Sunday, June 19, 2011
UK banks abandon eurozone over Greek default fears
UK banks have pulled billions of pounds of funding from the eurozone as fears grow about the impact of a “Lehman-style” event connected to a Greek default.
Senior sources have revealed that leading banks, including Barclays and Standard Chartered, have radically reduced the amount of unsecured lending they are prepared to make available to eurozone banks, raising the prospect of a new credit crunch for the European banking system.
Standard Chartered is understood to have withdrawn tens of billions of pounds from the eurozone inter-bank lending market in recent months and cut its overall exposure by two-thirds in the past few weeks as it has become increasingly worried about the finances of other European banks.
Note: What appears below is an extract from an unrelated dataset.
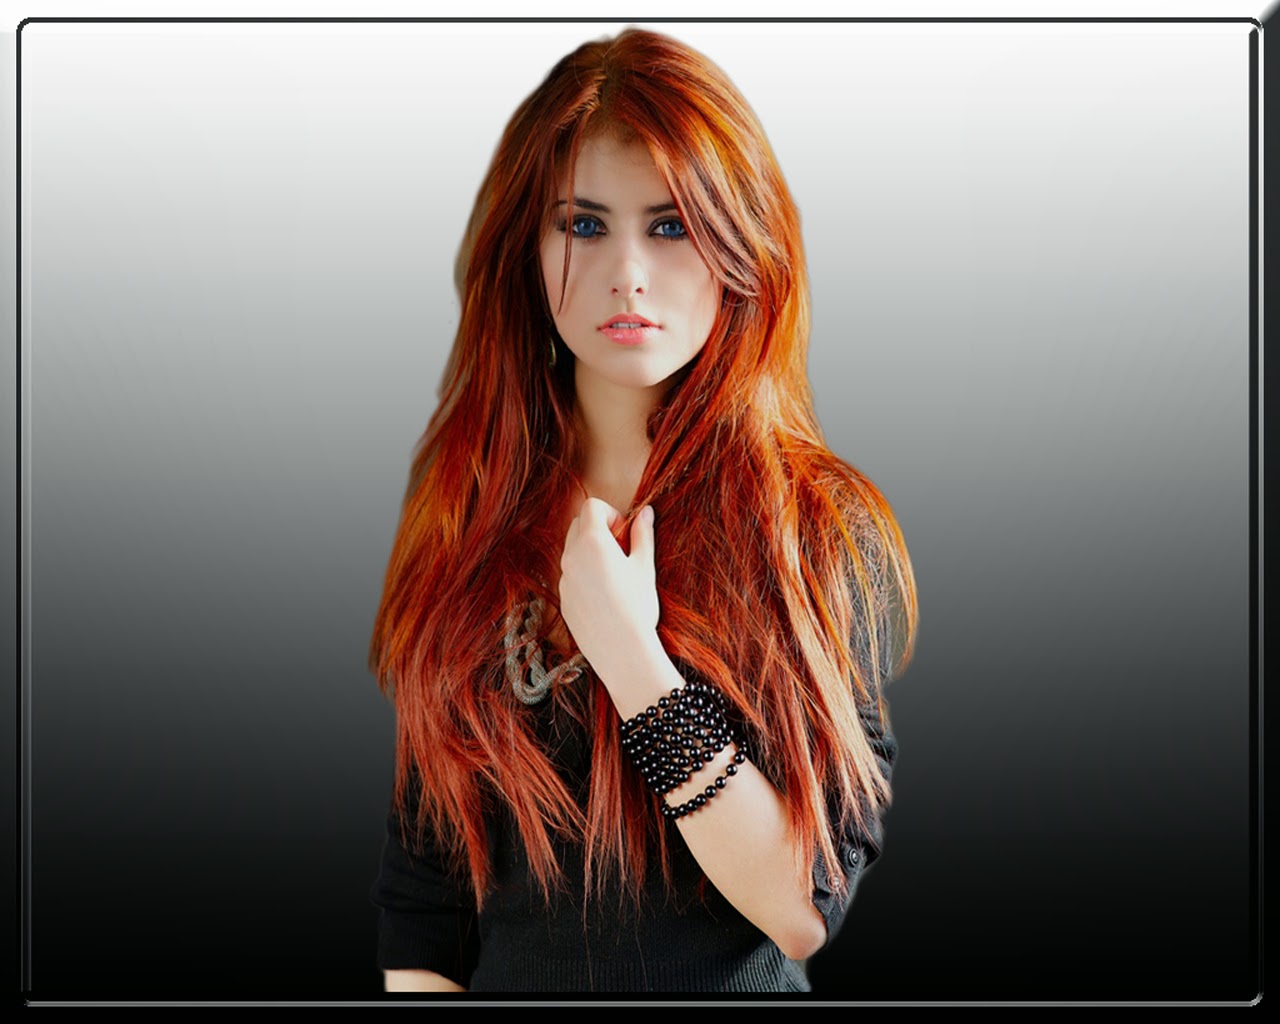 modèle chaud fond d'écran hd,cheveux,coloration de cheveux,visage,coiffure,rouge
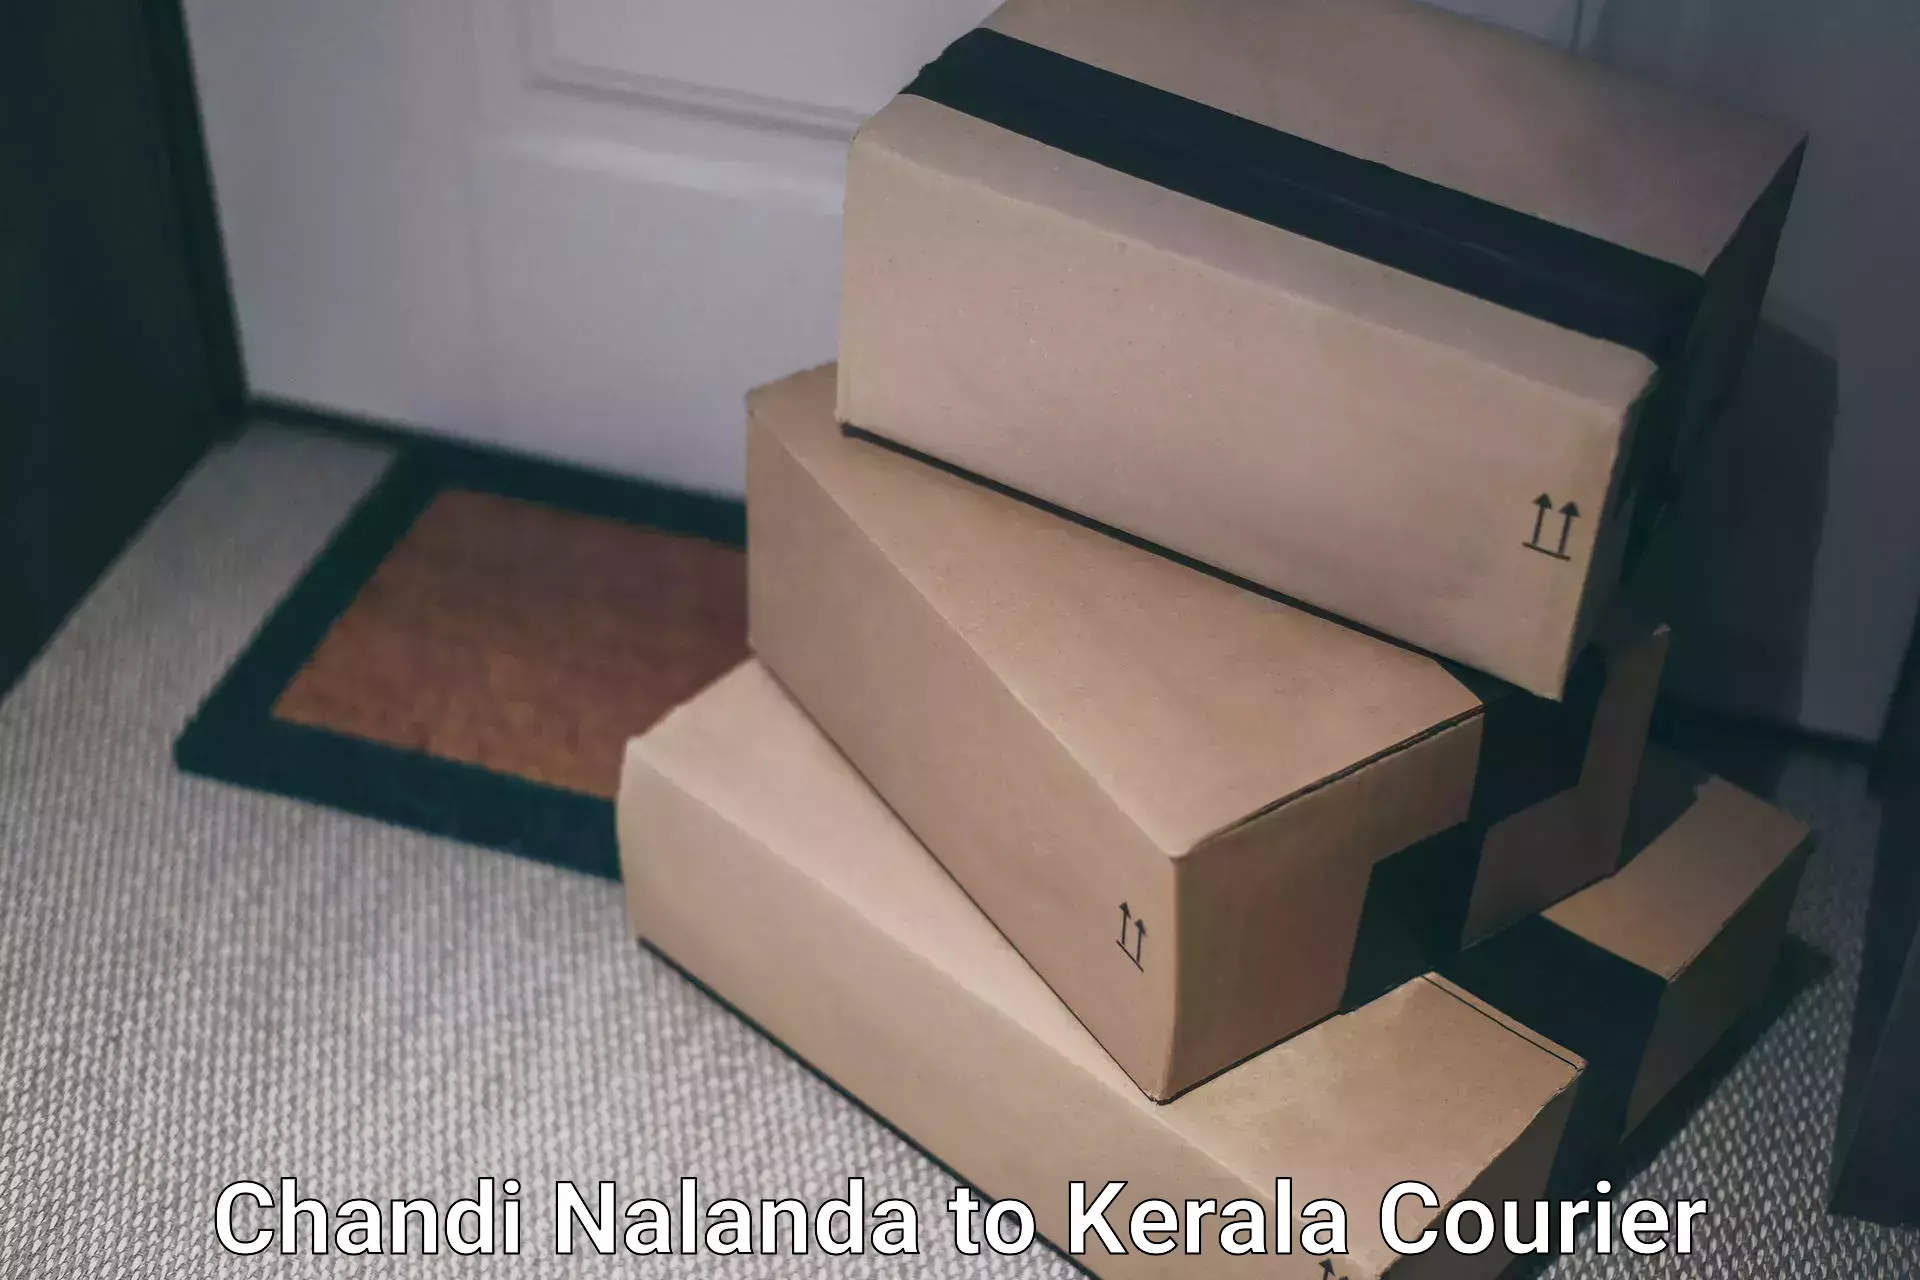 24/7 shipping services Chandi Nalanda to Angamaly

Barclays has also cut its exposure in recent months as senior managers have become increasingly concerned about developments among banks with large exposures to the troubled European countries Greece, Ireland, Spain, Italy and Portugal.
In its interim management statement, published in April, Barclays reported a wholesale exposure to Spain of £6.4bn, compared with £7.2bn last June, while its exposure to Italy has fallen by more than £100m.
One source said it was “inevitable” that British banks would look to minimise their potential losses in the event the eurozone crisis were to get worse. “Everyone wants to ensure that they are not badly affected by the crisis,” said one bank executive.
Moves by stronger banks to cut back their lending to weaker banks is reminiscent of the build-up to the financial crisis in 2008, when the refusal of banks to lend to one another led to a seizing-up of the markets that eventually led to the collapse of several major banks and taxpayer bail-outs of many more.